Fazer um filme destes tem os seus riscos. Não só porque as quatro mulheres (assim como o cantor e compositor Tozé Brito, de quem partiu a ideia de criar a banda) estão vivas, e é preciso garantir liberdade criativa que a ficção pede para mostrar o bom, o mau e o feio que marcou a carreira das Doce, mas também para que a história não parecesse parada no tempo.

É este o trunfo de "Bem Bom".

A realização e a cor das Doce num Portugal a preto e branco

Na realização, Sequeira puxa a cor das roupas arrojadas das Doce para compor cenários que, com auxílio de jogos de luz, gritam extravagância, sensualidade e originalidade, nunca parecendo desenquadrados ou berrantes. É que embora alguns cabelos e algumas tendências dos anos 80 tenham sobrevivido até agora, muitas ficaram no baú. E no baú deverão permanecer.

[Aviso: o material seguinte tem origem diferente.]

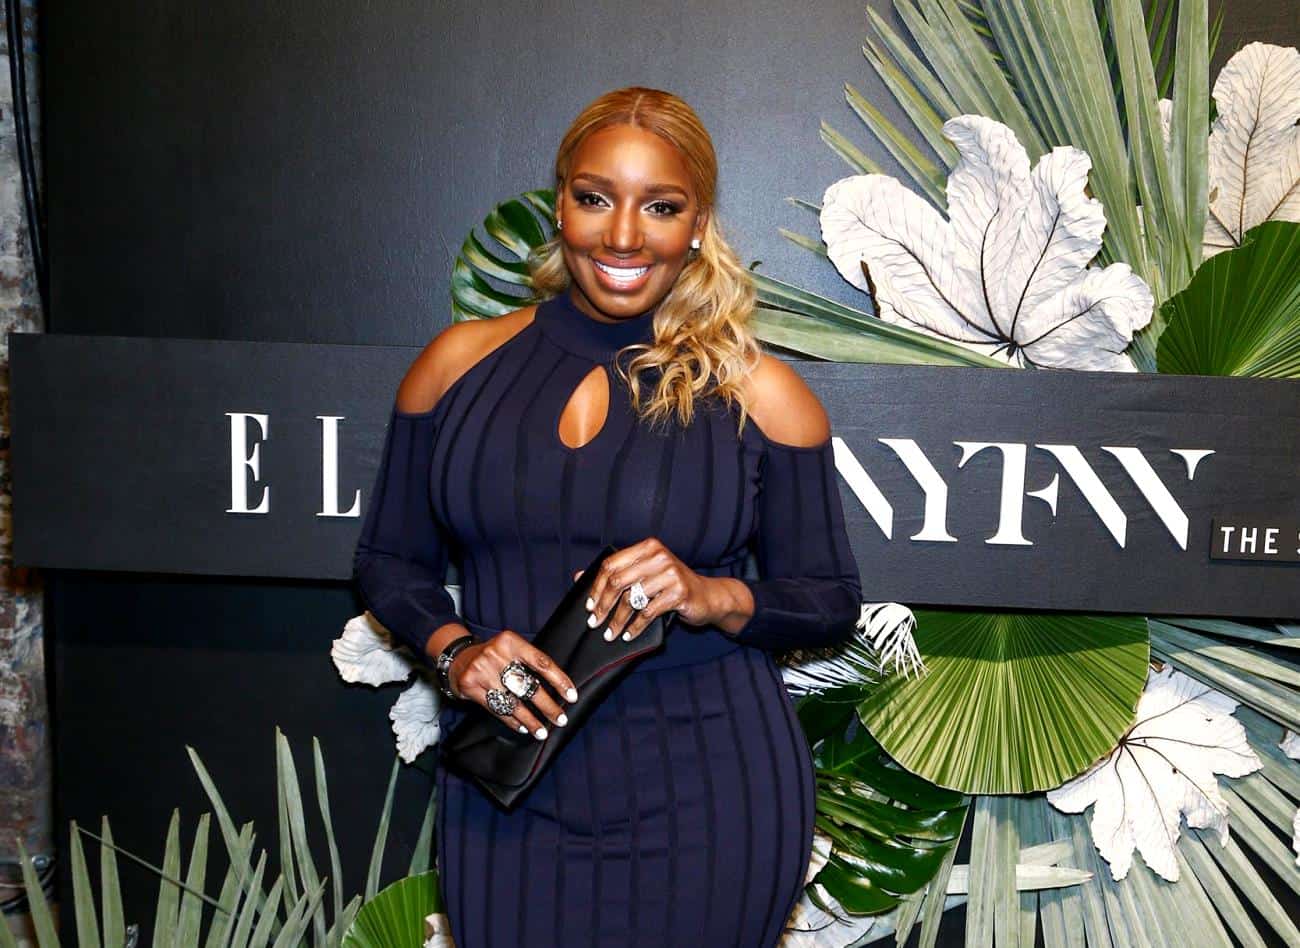 Nene Leakes Announces She's Appearing on a New Reality Show on TBS, Is She Done With RHOA?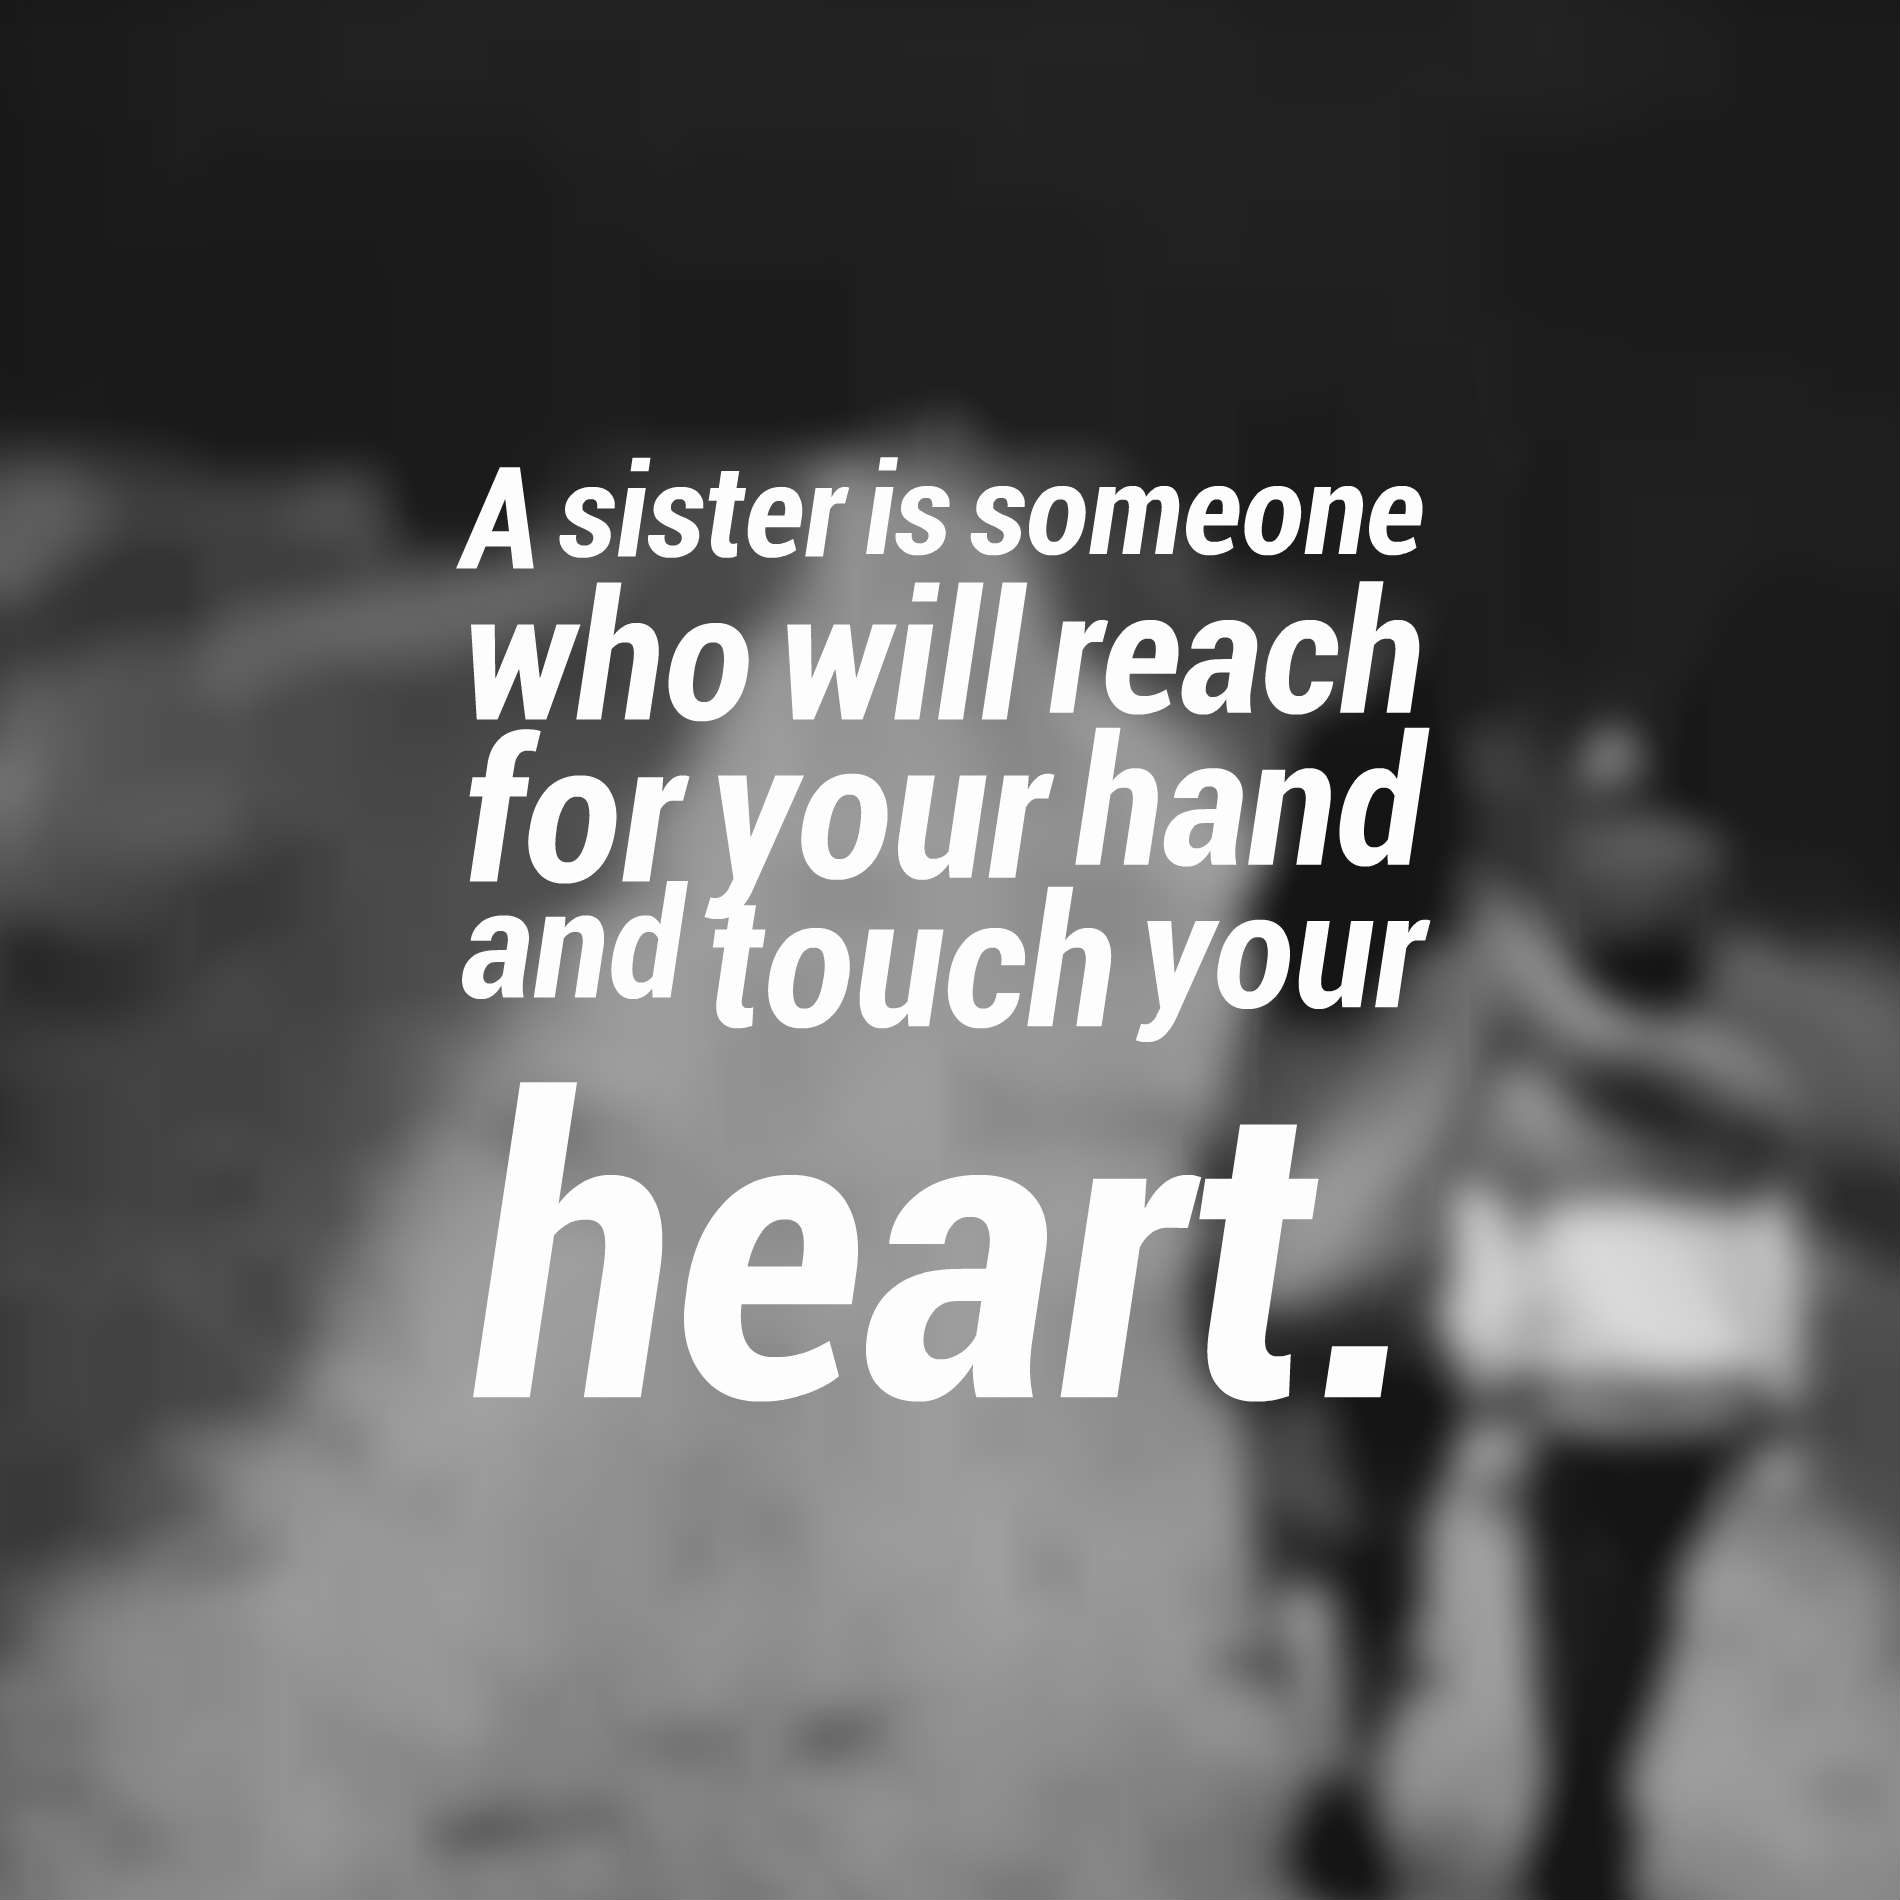 A sister is someone who will reach for your hand and touch your heart.

Atrás da câmara, Patrícia Sequeira recorre de forma habitual ao plano contrapicado — aquele que mostra uma imagem filmada de baixo para cima — com o objetivo claro de reforçar a grandiosidade e a ousadia das Doce num Portugal que, à época, já tinha televisão a cor, mas continuava a pensar a preto e branco.

E se o filme faz por mostrar a legião de fãs que as seguia de concerto em concerto, é uma pena que, nas cenas das atuações ao vivo, a plateia surja quase sempre escondida (talvez por constrangimentos orçamentais?) na sombra que as luzes, sempre vívidas, megalómanas e montadas especificamente para enaltecer a imagem das Doce em palco, não capta.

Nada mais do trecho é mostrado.